# looking for sportfishing charter



## wrangler (Jul 21, 2008)

I will be in destin this coming sat (july 26) and will be there for a week. I have been calling around and no one I can find on the net will do make up or grouping together trips. My family doest want to go fishing and I need to find a charter group that wants to target yft, mahi, billfish etc. If anyone here can recomend a charter I might call that would do this or be interested let me know.


----------



## Magic236 (Oct 1, 2007)

I don't think you will find any walk up or split charters going offshore.
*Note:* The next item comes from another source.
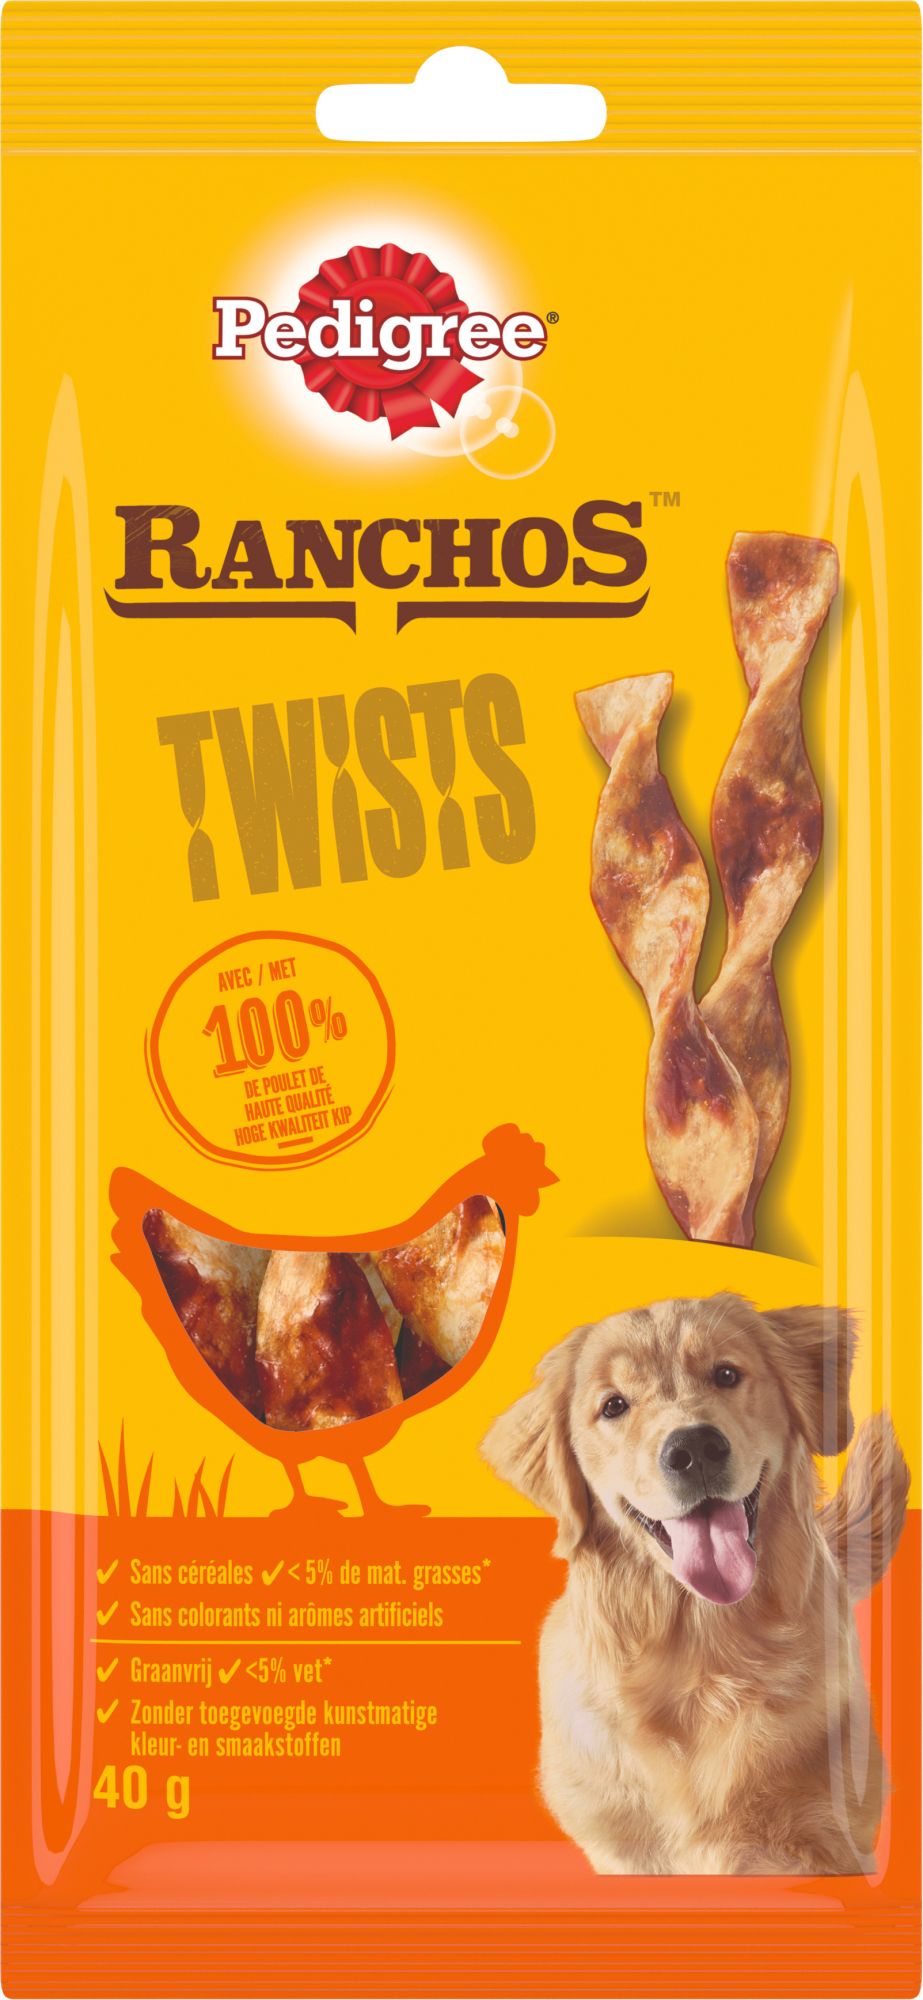 Pedigree Ranchos, twist di pollo per cani

Harborwalk and the Wharf and others have plenty of boats that do split charters for 4-12 hr trips, that will be primarily bottomfishing. The offshore (billfish) charters will be private where one party books the entire boat.


----------



## wrangler (Jul 21, 2008)

Ok. I guess I will just do some pier and surf fishing. If anyone gets up a trip trolling offshore or some inshore fishingpost it hereand I will monitor the site as the house in destin I will be at starting saturday has ainternet connection. Also on the inshore fishing, does anyone come recomended in the area as far as guides for redfish, flounder and such?


----------



## Captain Woody Woods (Oct 2, 2007)

Shady Lady out of Zekes does walk on tuna/offshore trips for $650 a head. Call em up. Great guys


----------